Вы оправдали Фауста, спасли его из когтей дьявола —
теперь посмотрите, что он наделал с Европой ХХ века.

Вадим Руднев

Концерт Губернаторского симфонического оркестра под руководством Илмара Лапиньша, состоявшийся 24 марта в Иркутске, ознаменовал новый тип классического репертуара, заданного не столько прецедентом включения в него свежих, ранее не звучавших у нас произведений, сколько контекстом звучания последних на фоне традиционно исполняемого и, как видится, излюбленного дирижером Р. Вагнера. На роль премьерных на сей раз оказались избраны А. Дворжак и А. Берг. Последний был представлен на суд слушателей экспрессионистским концертом для скрипки с оркестром. Эксклюзивности его исполнению придала фигура и виртуозность приглашенного солиста скрипача Ильи Коновалова (Израиль).

Открывающая концерт увертюра к опере Рихарда Вагнера «Нюрнбергские мейстерзингеры» с первых своих знаменитых тактов пафосно фонит. Несколько неаккуратное выпячивание медных инструментов и сменяющие их динамические нарастания tutti ведут к колючей кульминации с тем, чтобы привести её к смиренному и сморённому спаду.

Дальнейшее прочтение партитуры Вагнера слышится на манер так называемой звучащей паузы замещения, то есть так, как если бы человек, читая вслух, вдруг по ходу чтения перешёл на чтение «про себя» и, не отключив голосовые связки, начал издавать нечто среднее между «мммм», «нннн», «бу-бу-бу», «тала-ла-ла» и т. п. Всё это, впрочем, почему-то совершенно не портит общее весьма благоприятное впечатление. Гротескное звучание деревянных духовых, по-видимому, предназначено возвестить о будущих комических эпизодах в сюжетной канве вагнеровской оперы.

Как бы вывернутые наизнанку струнные возвещают об очередной кульминации. Преображенная тема мейстерзингеров звучит убедительно, насыщенно, всё более и более плотно с каждым последующим тактом. Дирижёр стремится, по-видимому, достичь эффекта торнадо или даже чёрной дыры, дабы «всосать» слушателей оркестровую ткань. Неистовствующие струнные, обезумевшие колокола, иступленные ударные и ревущие духовые возвещают о финале. Впрочем, по-вагнеровски вполне предсказуемом.

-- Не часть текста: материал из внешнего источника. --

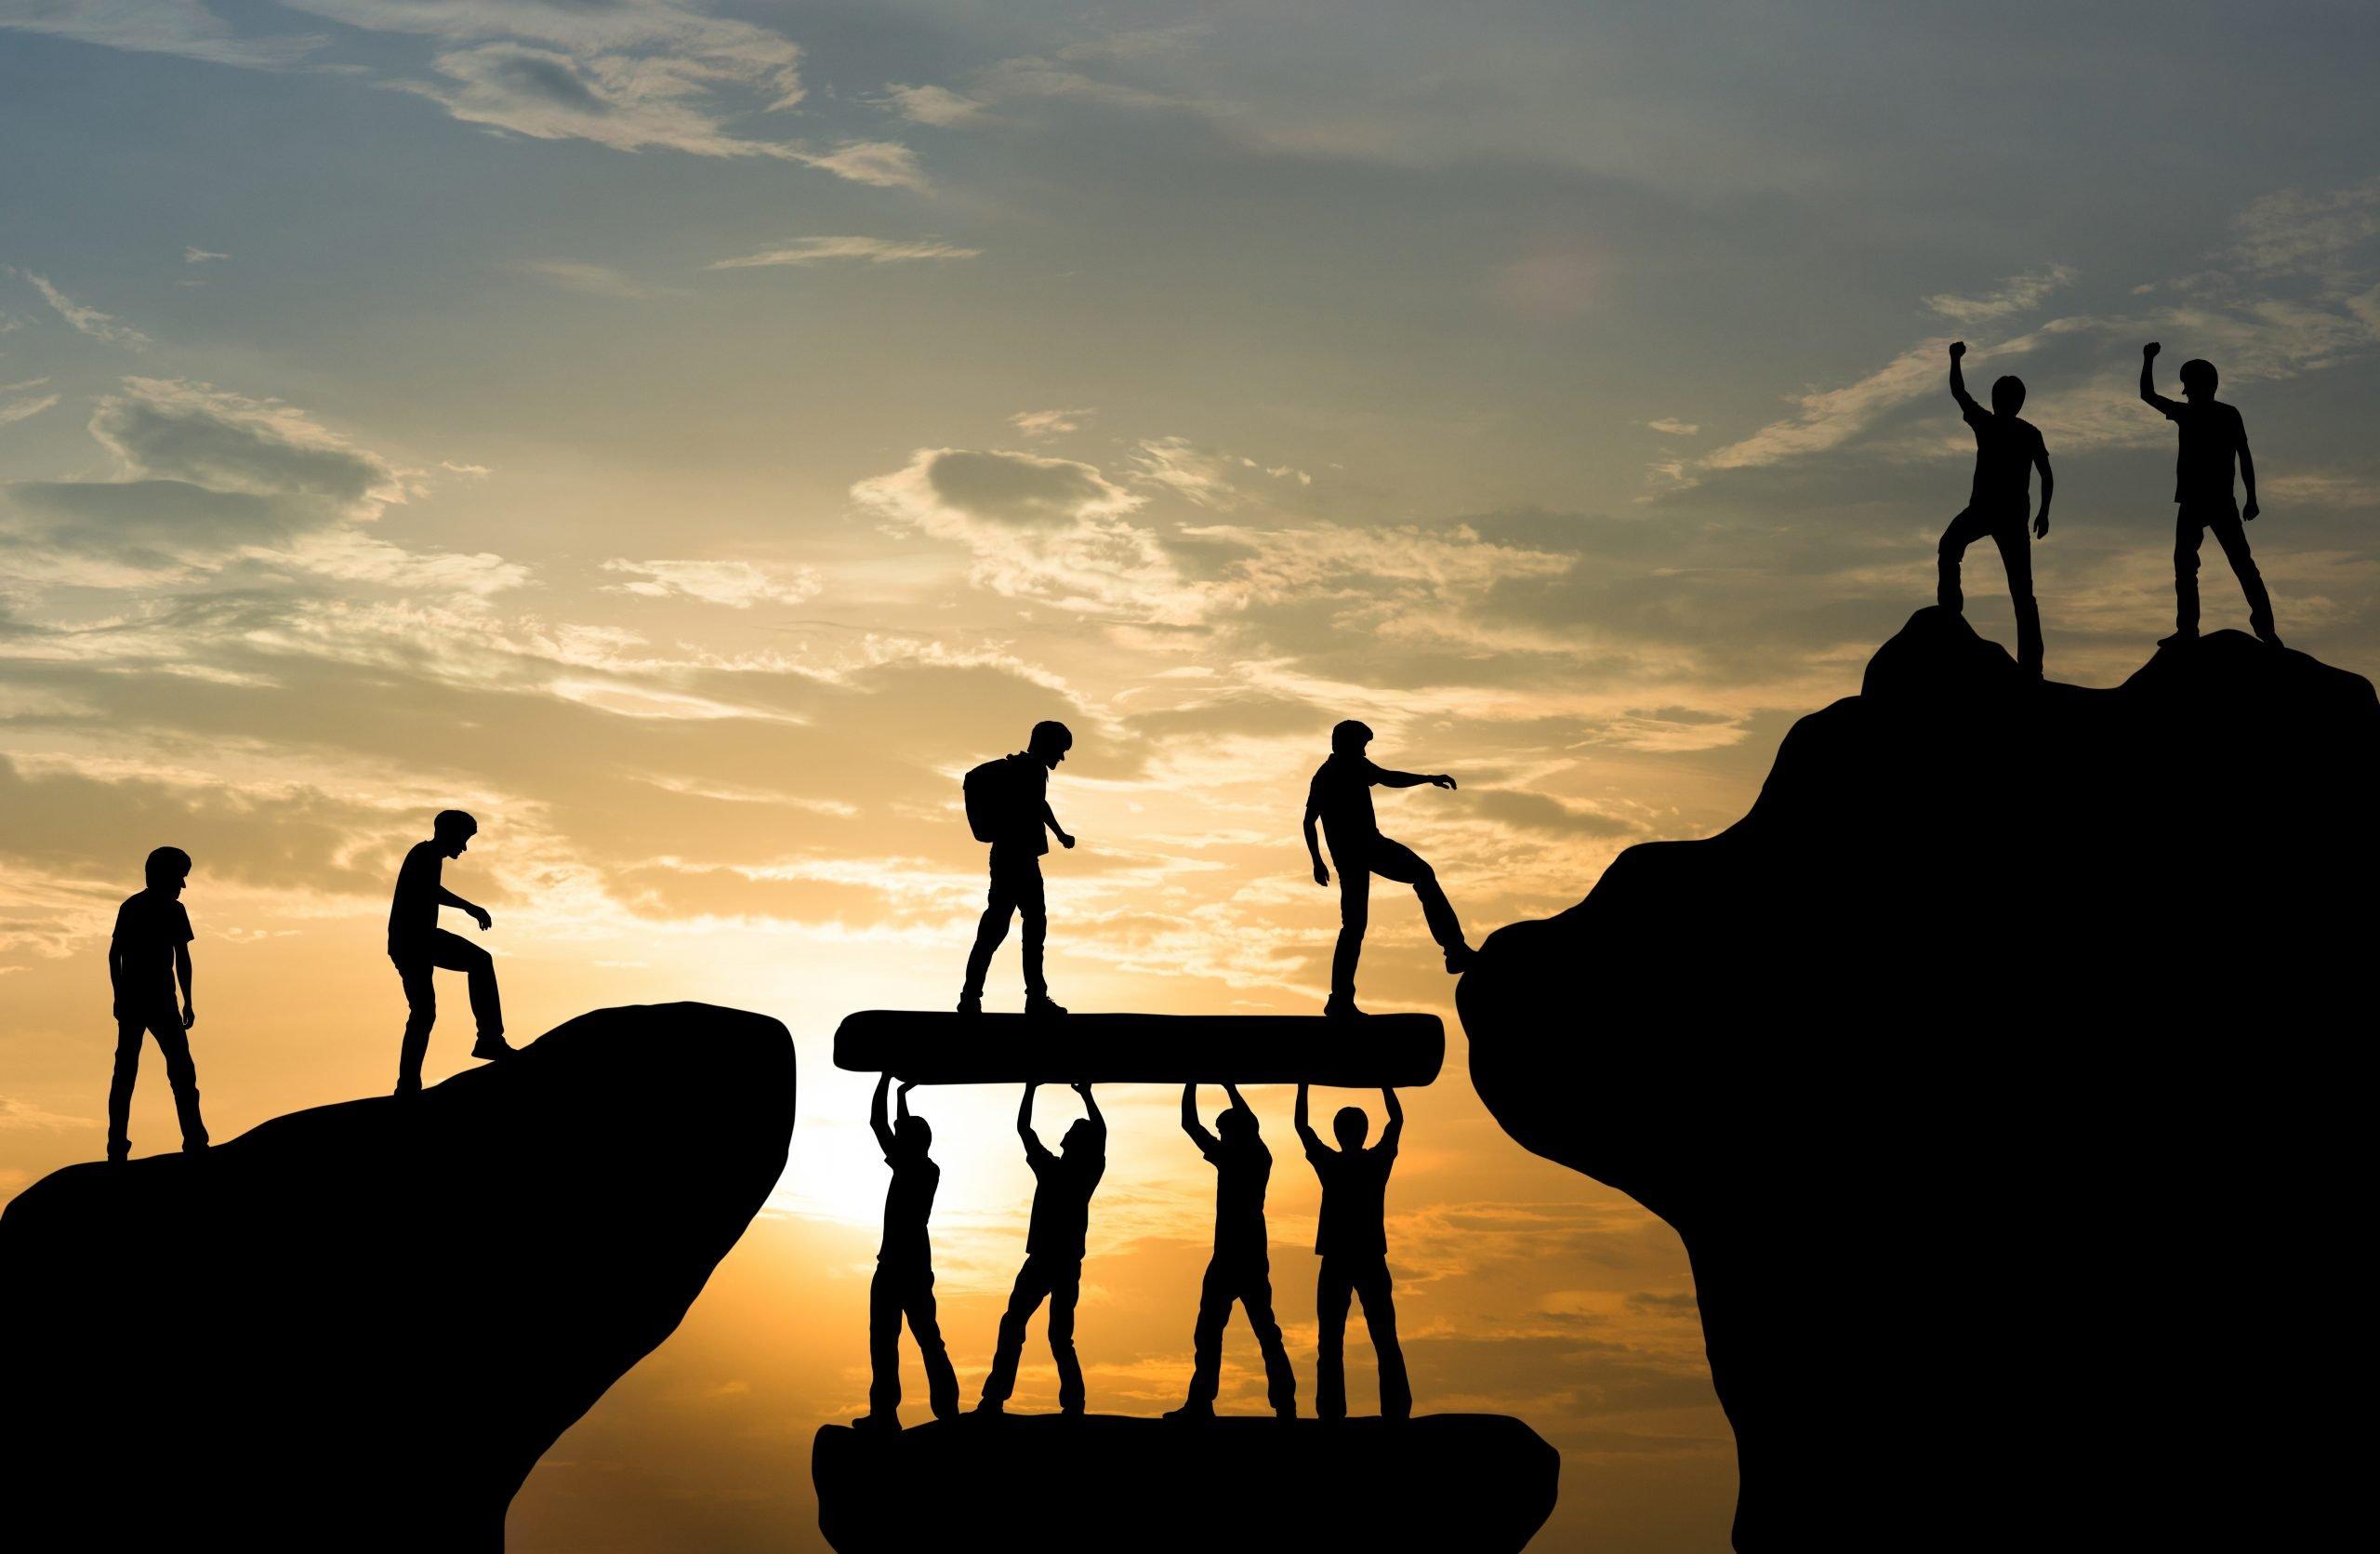 Group,Of,Team,People,Helping,Work,On,Peak,Mountain,Climbing

Редуцированная версия вступительного слова лектора филармонии почему-то утаила от слушателей некоторые конструктивные подробности из истории создания скрипичного концерта Альбана Берга «Памяти Ангела». Так, за кадром остались имя рано ушедшей юной девушки, которой композитор посвятил свой концерт — Манон Гропиус, а также то обстоятельство, что она была незаурядной скрипачкой. О наличии додекафонной структуры, в которой написан концерт, не говоря уже о теме, особенности которой у Берга представляют немалый интерес для слушателя тем, что она включает в себя диапазон звучания от самого низкого звука скрипки до верхней «фа» третьей октавы на пределе возможностей инструмента, слушателям сообщено также не было, по-видимому, вследствие уверенности в их эрудиции. Несмотря на то, что автору статьи впоследствии пришлось ответить на несколько обращений некоторых из них с вопросами по этой части, не может быть оснований для сомнения в обоснованности такого рода уверенности лектора, поскольку, как общеизвестно, исключения лишь подтверждают правила.

Тем не менее, слушатель, оповещённый о чудесных свойствах полу-легендарного работы Страдивари инструмента, с первых тактов очевидно ожидавший несколько более сладкозвучного музыкального события, в момент провозглашения хоть и лирической, но разложенной по квинтам как «Тлеющей осёл» С. Дали темы, оказывается как бы дезориентированным.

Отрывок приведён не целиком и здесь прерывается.